#### [AIM OF THE EXERCISE]
Write out the listing from the line with "WeatherSof-Prior Generation" to the line with "Allisonville Nursery, Garden U0026 Home", both lines included, exactly and nothing beyond. Leave pictures out.

#### [ENTRIES SUPPLIED]
•••
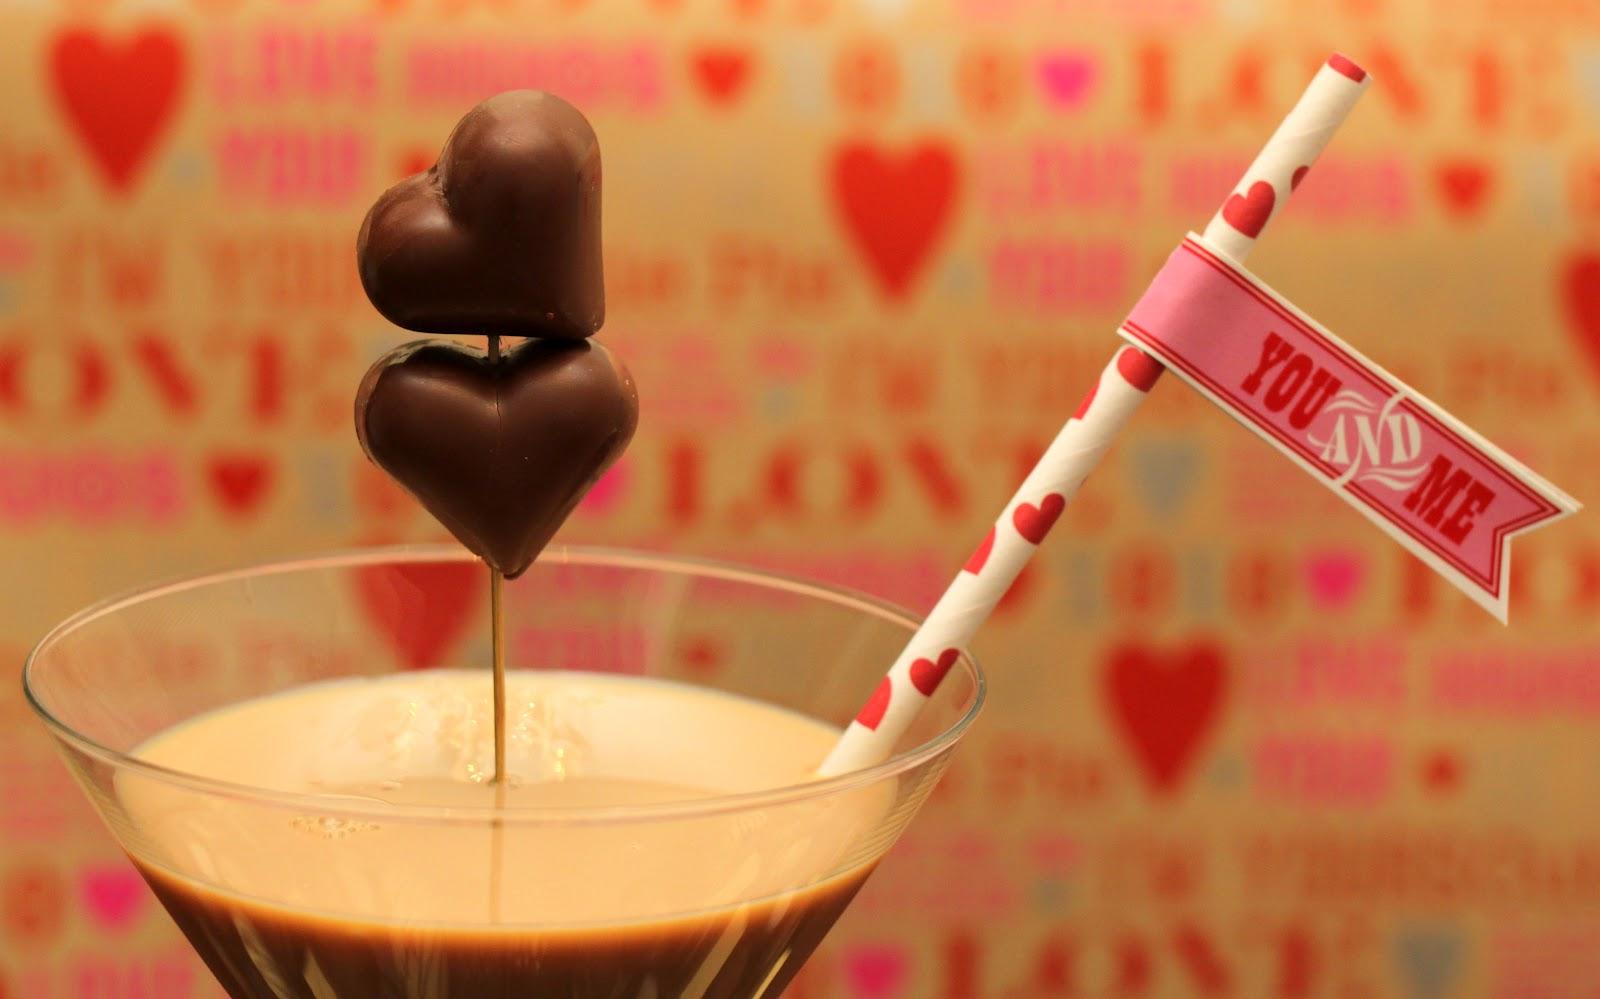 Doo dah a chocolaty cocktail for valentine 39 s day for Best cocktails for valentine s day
•••
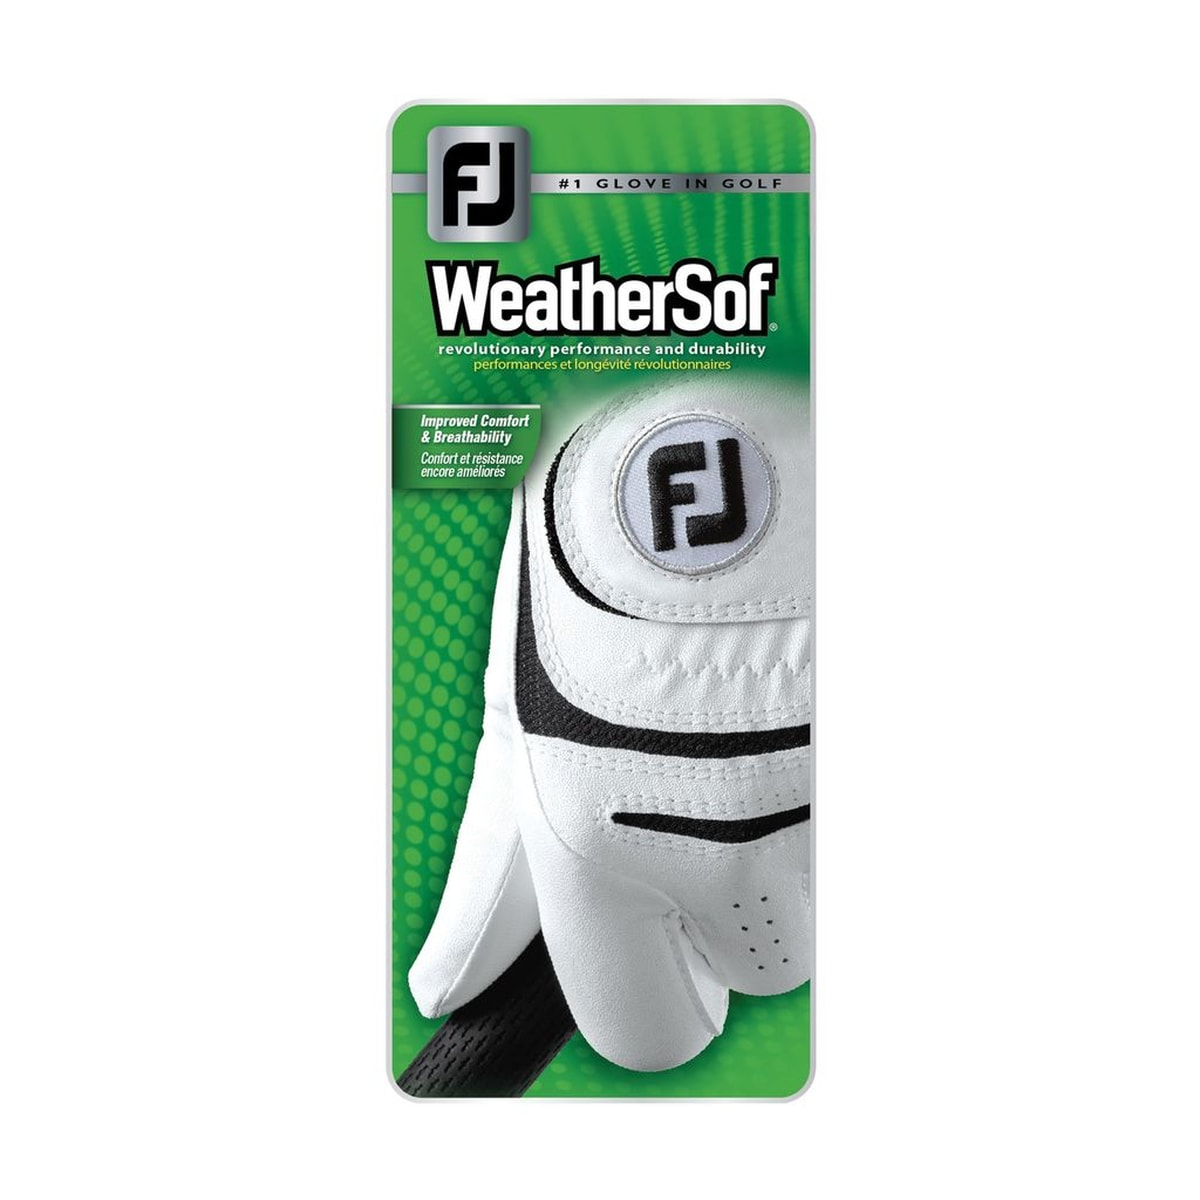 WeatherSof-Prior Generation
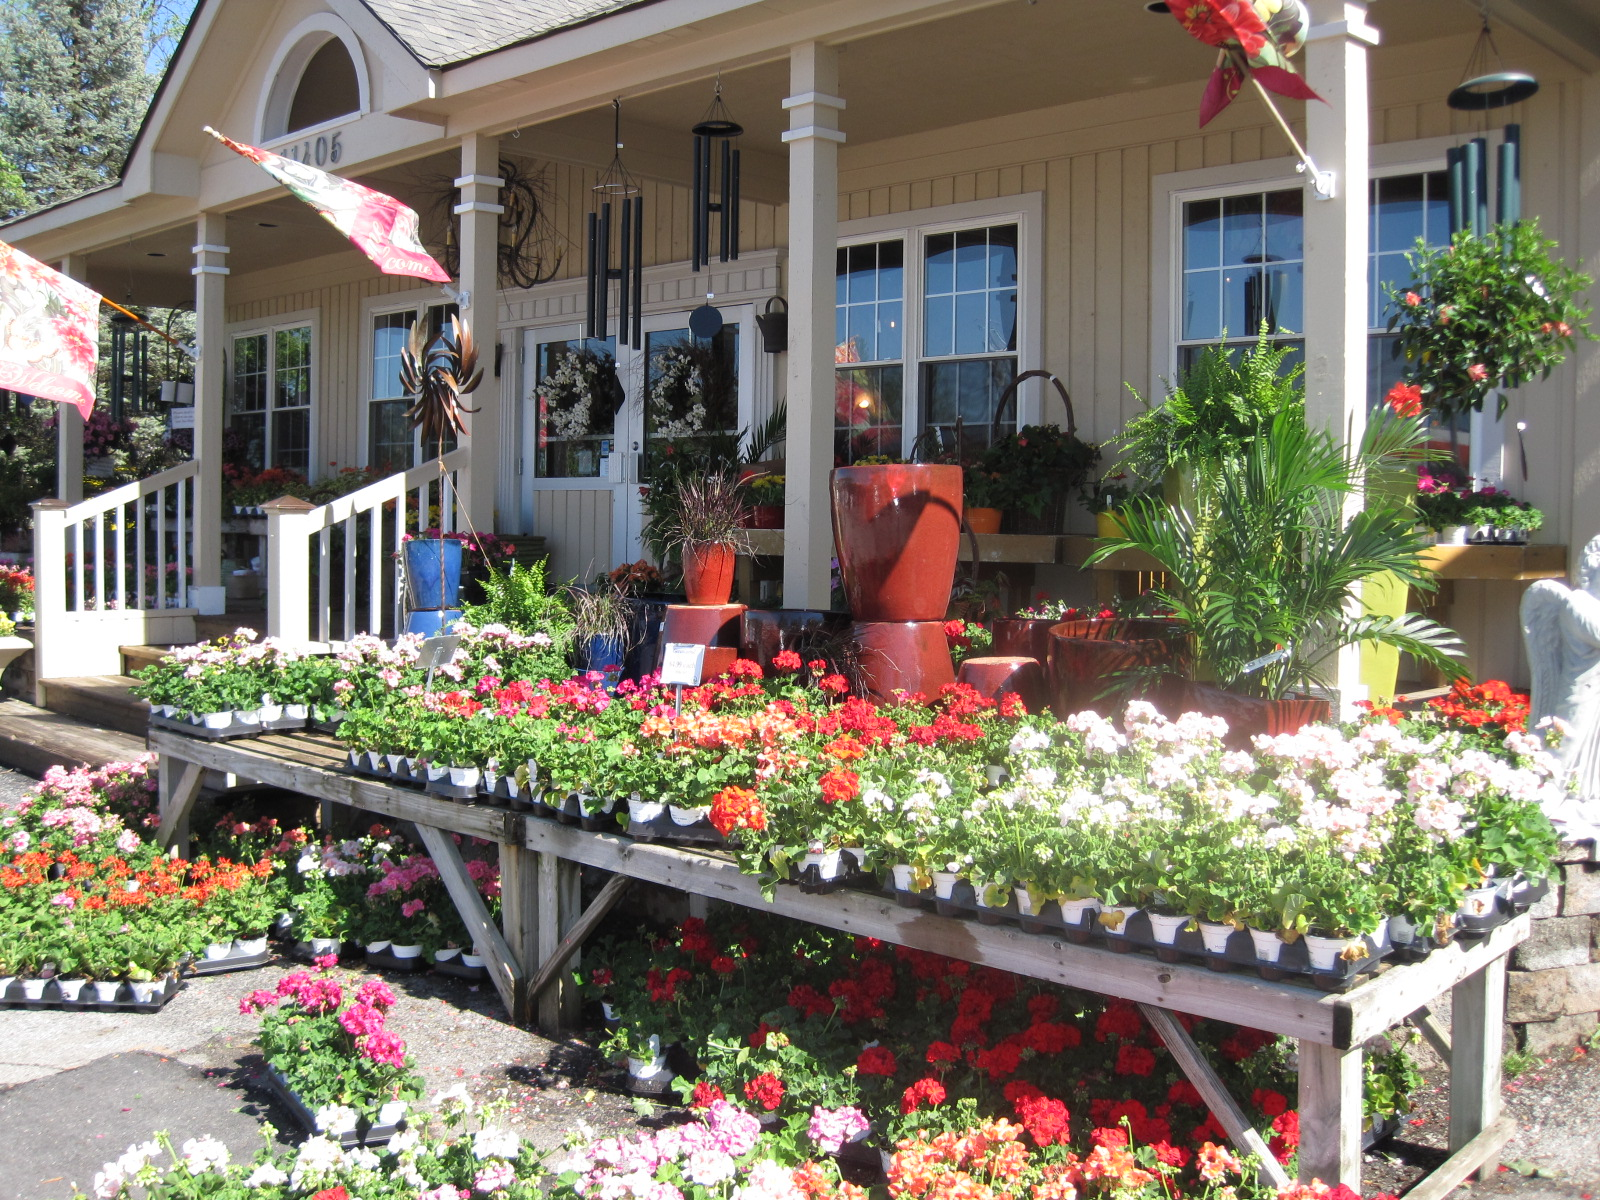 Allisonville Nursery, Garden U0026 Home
•••
#### [RESPONSE TO THE EXERCISE]
 WeatherSof-Prior Generation
 Allisonville Nursery, Garden U0026 Home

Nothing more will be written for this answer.